Dzisiaj tak nas nastraszyla ze malo oboje nie zeszlismy - tak sie schowala, ze jej nie moglismy prze pol godziny znalezc! Gowniara jest taka cienka, ze sie wszedzie miesci. A potem zrobila to ponownie ale... poszla w kime po mojej stronie lozka pod koldra :) Dobrze, ze na niej nie usiadlam...
I tak nam schodzi dzien po dniu 8) Zycie z kotem jest o niebo lepsze niz bez :1luvu:

Re: Salsa, mała devonka :) *FOTKI*

PostNapisane: Czw lis 07, 2013 21:58
przez Spilett
Prześliczna!
Będziemy obserwować :1luvu:

Re: Salsa, mała devonka :) *FOTKI*

PostNapisane: Czw lis 07, 2013 22:35
przez oleska222
Agnes181jaw, co do ochlodzenia sie w mieszkaniu to ja jestem zdziwiona, bo wydawalo mi sie ze jej z ta devonia sierscia bedzie zimno - a tu wcale nie! Musze przyznac, ze jest dosc konkretnie ofutrzona, czego sie nie spodziewalam.

Re: Salsa, mała devonka :) *FOTKI*

PostNapisane: Pt lis 08, 2013 14:39
przez zysia1986
Musiałam zobaczyć ale boska !
Zadziorna chyba troszeczkę co ? Tak wnioskuje po zdjęciach może się mylę. Ale nic dodać nic ująć jest BOSKA

Re: Salsa, mała devonka :) *FOTKI*

PostNapisane: Pt lis 08, 2013 15:01
przez Milena_MK
Cześć, witam się i ja z moim ruseczkiem i devonkiem :)

Piękna jest Salsa, znam ją z ogłoszeń, bo mimo iż już mam u siebie devonka, to jeszcze mi tak zostało, że regularnie odwiedzam różne stronki :) Piękna jest i mam nadzieję, że przyniesie Wam wiele radości.

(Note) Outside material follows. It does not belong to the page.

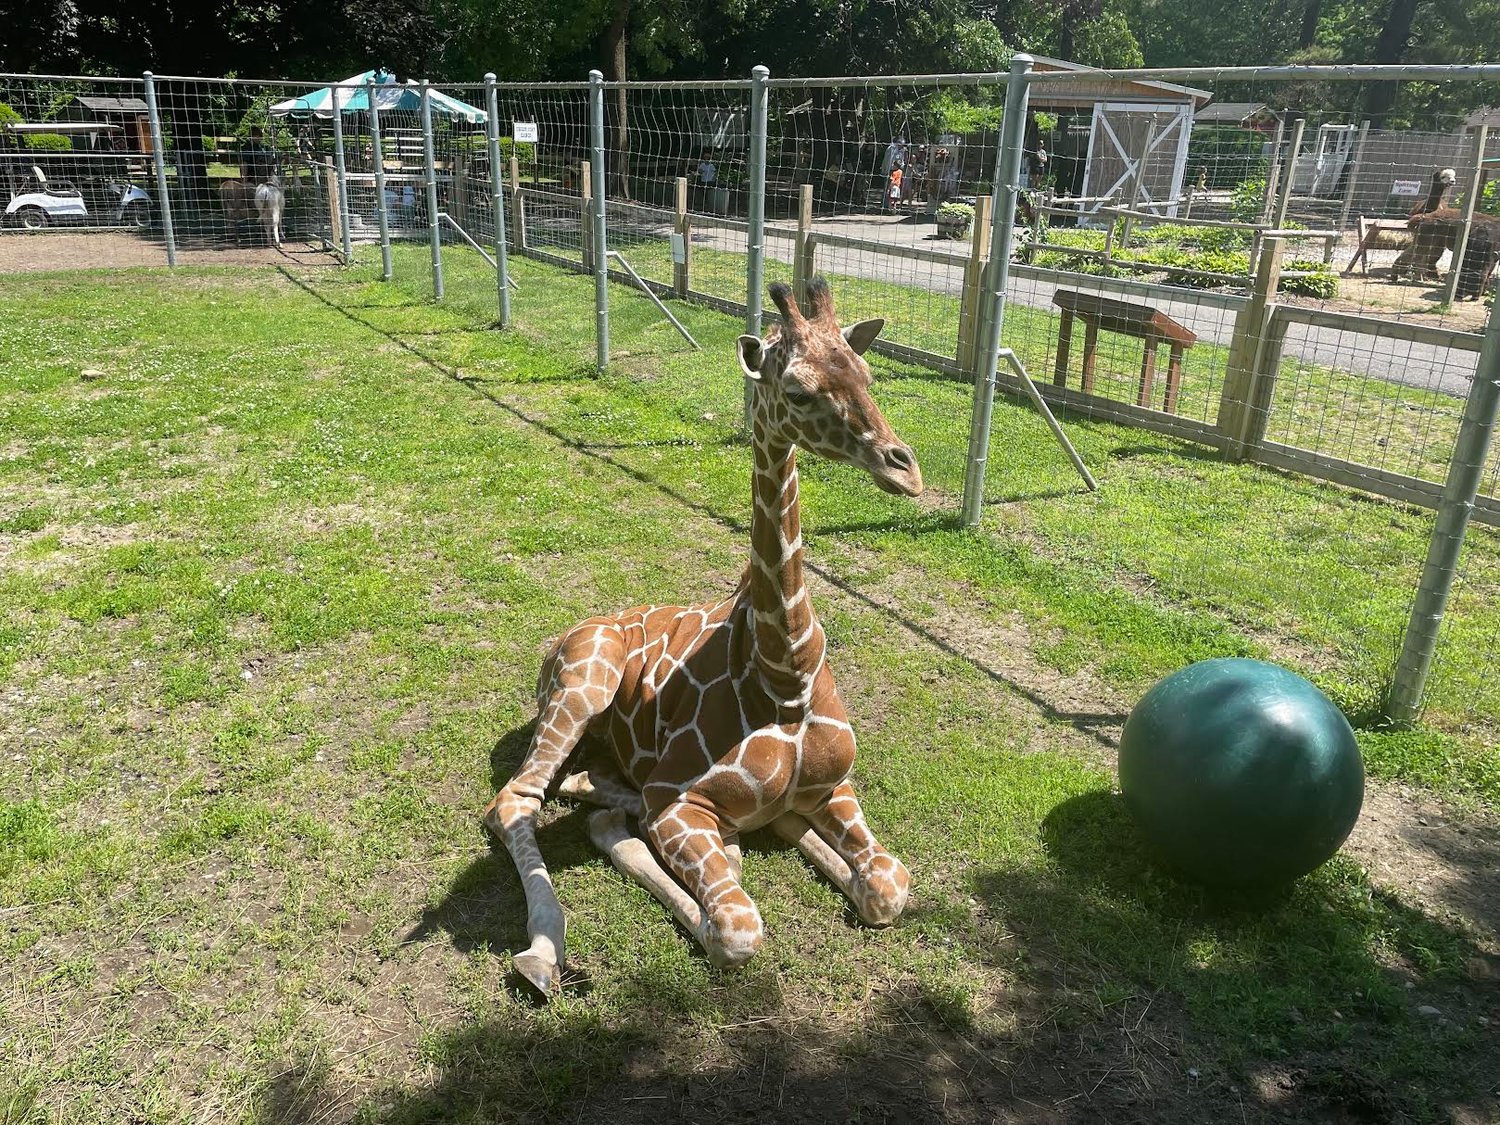 Bobo the giraffe recently celebrated his 2nd birthday.

Re: Salsa, mała devonka :) *FOTKI*

PostNapisane: Pt lis 08, 2013 15:25
przez oleska222
Cześć zysia i Milena :)

Zysia - faktycznie, jest trochę zadziorna i przekorna, ale ogólnie jest przekochana. W hodowli była izolowana od starszych kotów bo niestety stado miało tendencje do brutalnego dominowania młodszych rezydentów, ale Salsia jak to ona - jak tylko spotkała któregoś z innych kotów to lała w pysk bez ostrzeżenia :D Zrobiła nam pokazówkę na swoim własnym ojcu który jest trzy razy większy od niej :)

Milena - dziękujemy za komplement, twój devonek rownież jest cudny! Ja początkowo myślałam o takim właśnie kolorze ale przecież w końcu to nie o kolor chodzi. Z jakiej jest hodowli? Salsa urodziła sie 24.04.2013 wiec są dokładnie w tym samym wieku :) Rosyjska kocia tez cudna :1luvu:

Re: Salsa, mała devonka :) *FOTKI*

PostNapisane: Pt lis 08, 2013 15:32
przez Milena_MK
Mój kotek pochodzi z hodowli Gratusrex*PL, to młoda hodowla, Beniaminek był z drugiego miotu. Generalnie to mój mąż się w nim zakochał, u mnie miłośc przyszła dopiero, gdy go zobaczyłam :1luvu: I trwa do dziś!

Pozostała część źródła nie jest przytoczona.